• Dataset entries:
^^^^
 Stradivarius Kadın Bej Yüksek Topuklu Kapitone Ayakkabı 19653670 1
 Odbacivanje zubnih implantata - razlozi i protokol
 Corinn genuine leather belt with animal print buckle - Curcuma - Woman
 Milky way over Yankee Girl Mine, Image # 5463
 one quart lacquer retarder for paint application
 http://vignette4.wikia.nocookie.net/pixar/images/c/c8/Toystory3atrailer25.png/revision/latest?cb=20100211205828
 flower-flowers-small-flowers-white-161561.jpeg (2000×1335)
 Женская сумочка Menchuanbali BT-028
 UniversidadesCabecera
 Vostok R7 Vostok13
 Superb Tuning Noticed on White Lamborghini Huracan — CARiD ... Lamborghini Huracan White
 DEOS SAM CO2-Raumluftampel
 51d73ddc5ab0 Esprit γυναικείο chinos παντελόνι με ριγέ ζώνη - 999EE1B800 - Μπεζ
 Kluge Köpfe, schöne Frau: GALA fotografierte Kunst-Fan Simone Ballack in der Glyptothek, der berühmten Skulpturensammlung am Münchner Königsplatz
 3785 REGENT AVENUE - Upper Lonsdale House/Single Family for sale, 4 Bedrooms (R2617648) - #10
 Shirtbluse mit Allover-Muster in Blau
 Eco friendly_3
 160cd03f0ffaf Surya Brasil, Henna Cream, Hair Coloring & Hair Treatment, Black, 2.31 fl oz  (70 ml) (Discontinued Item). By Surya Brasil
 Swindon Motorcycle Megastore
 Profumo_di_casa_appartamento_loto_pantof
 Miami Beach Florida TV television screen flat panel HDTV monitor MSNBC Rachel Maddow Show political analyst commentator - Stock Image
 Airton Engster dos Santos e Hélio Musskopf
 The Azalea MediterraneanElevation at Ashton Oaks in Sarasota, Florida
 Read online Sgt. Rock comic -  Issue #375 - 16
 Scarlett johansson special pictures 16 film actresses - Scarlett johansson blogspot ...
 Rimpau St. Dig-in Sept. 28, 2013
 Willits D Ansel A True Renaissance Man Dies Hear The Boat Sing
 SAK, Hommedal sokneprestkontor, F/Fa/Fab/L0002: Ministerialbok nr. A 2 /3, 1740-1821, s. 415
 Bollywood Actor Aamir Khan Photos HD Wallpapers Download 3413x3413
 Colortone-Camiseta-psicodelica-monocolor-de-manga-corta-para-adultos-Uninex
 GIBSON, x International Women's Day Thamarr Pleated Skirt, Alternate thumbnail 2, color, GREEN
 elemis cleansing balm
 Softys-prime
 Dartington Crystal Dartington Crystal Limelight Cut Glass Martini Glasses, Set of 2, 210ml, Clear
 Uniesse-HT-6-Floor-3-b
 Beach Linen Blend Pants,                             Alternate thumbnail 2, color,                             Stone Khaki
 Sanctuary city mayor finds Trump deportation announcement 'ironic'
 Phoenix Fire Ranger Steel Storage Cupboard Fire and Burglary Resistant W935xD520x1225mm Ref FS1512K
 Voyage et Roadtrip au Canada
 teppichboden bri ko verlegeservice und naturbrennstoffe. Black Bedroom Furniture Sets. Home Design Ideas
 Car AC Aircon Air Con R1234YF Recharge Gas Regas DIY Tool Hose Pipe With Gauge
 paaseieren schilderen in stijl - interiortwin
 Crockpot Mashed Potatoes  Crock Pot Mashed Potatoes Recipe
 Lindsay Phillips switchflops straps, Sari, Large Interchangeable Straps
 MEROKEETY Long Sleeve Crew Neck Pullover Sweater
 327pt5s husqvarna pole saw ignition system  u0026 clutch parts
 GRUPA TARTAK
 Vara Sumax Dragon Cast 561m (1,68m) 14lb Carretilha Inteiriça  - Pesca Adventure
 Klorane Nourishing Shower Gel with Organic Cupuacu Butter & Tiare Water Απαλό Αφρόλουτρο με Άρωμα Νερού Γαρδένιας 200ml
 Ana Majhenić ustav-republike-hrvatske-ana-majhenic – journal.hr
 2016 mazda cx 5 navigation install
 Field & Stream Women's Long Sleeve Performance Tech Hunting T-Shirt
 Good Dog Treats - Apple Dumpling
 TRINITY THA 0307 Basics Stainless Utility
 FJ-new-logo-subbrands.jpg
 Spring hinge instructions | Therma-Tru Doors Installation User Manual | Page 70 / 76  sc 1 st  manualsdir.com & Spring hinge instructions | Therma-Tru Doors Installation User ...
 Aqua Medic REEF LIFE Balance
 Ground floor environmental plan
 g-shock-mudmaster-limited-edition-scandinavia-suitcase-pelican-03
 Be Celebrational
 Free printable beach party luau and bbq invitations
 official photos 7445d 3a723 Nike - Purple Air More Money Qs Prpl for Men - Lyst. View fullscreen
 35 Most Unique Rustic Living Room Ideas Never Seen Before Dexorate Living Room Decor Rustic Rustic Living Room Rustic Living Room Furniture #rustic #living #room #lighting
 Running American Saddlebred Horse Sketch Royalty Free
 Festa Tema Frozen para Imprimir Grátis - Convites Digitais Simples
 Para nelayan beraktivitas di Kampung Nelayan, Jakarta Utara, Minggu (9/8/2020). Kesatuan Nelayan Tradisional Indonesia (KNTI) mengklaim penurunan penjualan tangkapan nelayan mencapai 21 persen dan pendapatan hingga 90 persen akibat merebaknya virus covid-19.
^^^^
• Exercise prompt: Set down exactly the lines of the data above, beginning with the line that has "Scarlett johansson special" and ending with the line that has "Sanctuary city mayor", and no others.

• Answer to the problem:
 Scarlett johansson special pictures 16 film actresses - Scarlett johansson blogspot ...
 Rimpau St. Dig-in Sept. 28, 2013
 Willits D Ansel A True Renaissance Man Dies Hear The Boat Sing
 SAK, Hommedal sokneprestkontor, F/Fa/Fab/L0002: Ministerialbok nr. A 2 /3, 1740-1821, s. 415
 Bollywood Actor Aamir Khan Photos HD Wallpapers Download 3413x3413
 Colortone-Camiseta-psicodelica-monocolor-de-manga-corta-para-adultos-Uninex
 GIBSON, x International Women's Day Thamarr Pleated Skirt, Alternate thumbnail 2, color, GREEN
 elemis cleansing balm
 Softys-prime
 Dartington Crystal Dartington Crystal Limelight Cut Glass Martini Glasses, Set of 2, 210ml, Clear
 Uniesse-HT-6-Floor-3-b
 Beach Linen Blend Pants,                             Alternate thumbnail 2, color,                             Stone Khaki
 Sanctuary city mayor finds Trump deportation announcement 'ironic'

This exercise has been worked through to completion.